- Native to: Argentina
- Region: Santiago del Estero Province, Tucumán Province
- Ethnicity: Tonocoté
- Era: attested 1599
- Language family: unclassified

Language codes
- ISO 639-3: None (mis)
- Glottolog: tono1235

= Tonocoté language =

Extinct and unclassified language of Argentina

Tonocoté is an extinct Indigenous language formerly spoken in Argentina by the Tonocoté people. It has been historically associated with the Lule language. It is very poorly attested, known only from one three-word phrase, which is completely different from its equivalents in Lule and other languages of the region.

== History ==
In 1586 Father Alonso de Bárzana (Bárcena) wrote a grammar of Tonocoté, which is now lost. The earliest colonial sources maintain that Tonocoté and Lule were distinct languages. However, the 1732 Lule grammar written by Antonio Machoni titled Arte y vocabulario de la lengua lule y tonocoté also includes "Tonocoté" in the title.
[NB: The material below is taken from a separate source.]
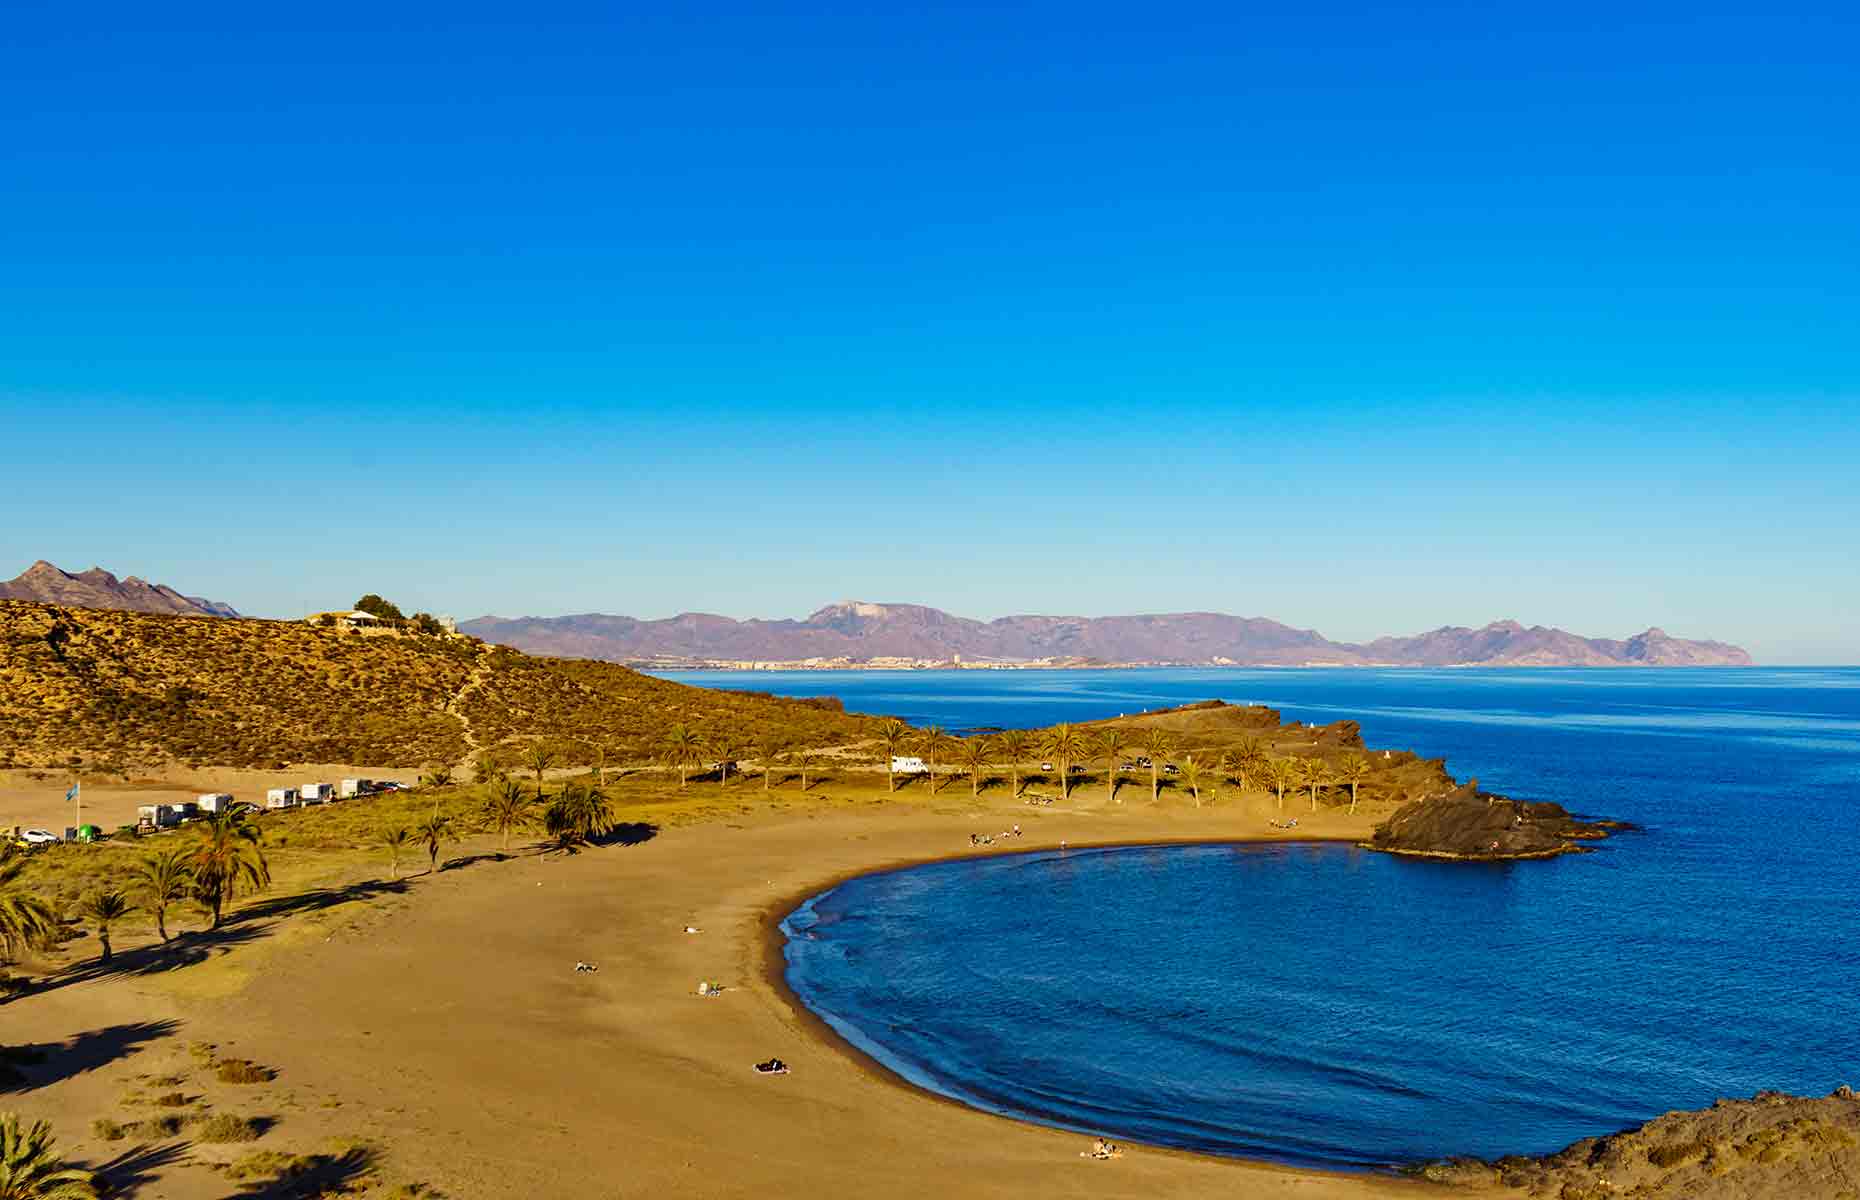 Playa de Percheles near Cañadas de Gallego, Mazarrón (Image: Voyagerix/Shutterstock)

As a result, the genetic affiliation of Tonocoté has been hotly debated by several authors. Various hypotheses for its affiliation include relationships with Cacán, Guarani, or even Mataguayan. The most common of these has been a link with the Lule language.

== Sample phrase ==
One three-word phrase glossed as 'God regards you' translated into six different Indigenous languages of western South America contains the only known attestation of Tonocoté, being Tius cahas paneh. The only analyzable word is Tius, clearly having a Spanish origin. The constructed equivalents in Lule are Dios ve ep or Dios ve avalacsp, which is "obviously" very different. The sentence in Tonocoté does not match any other language of northeastern Argentina and the southern Gran Chaco either. Therefore, Lule and Tonocoté were evidently different languages, perhaps only connected by their geographical proximity.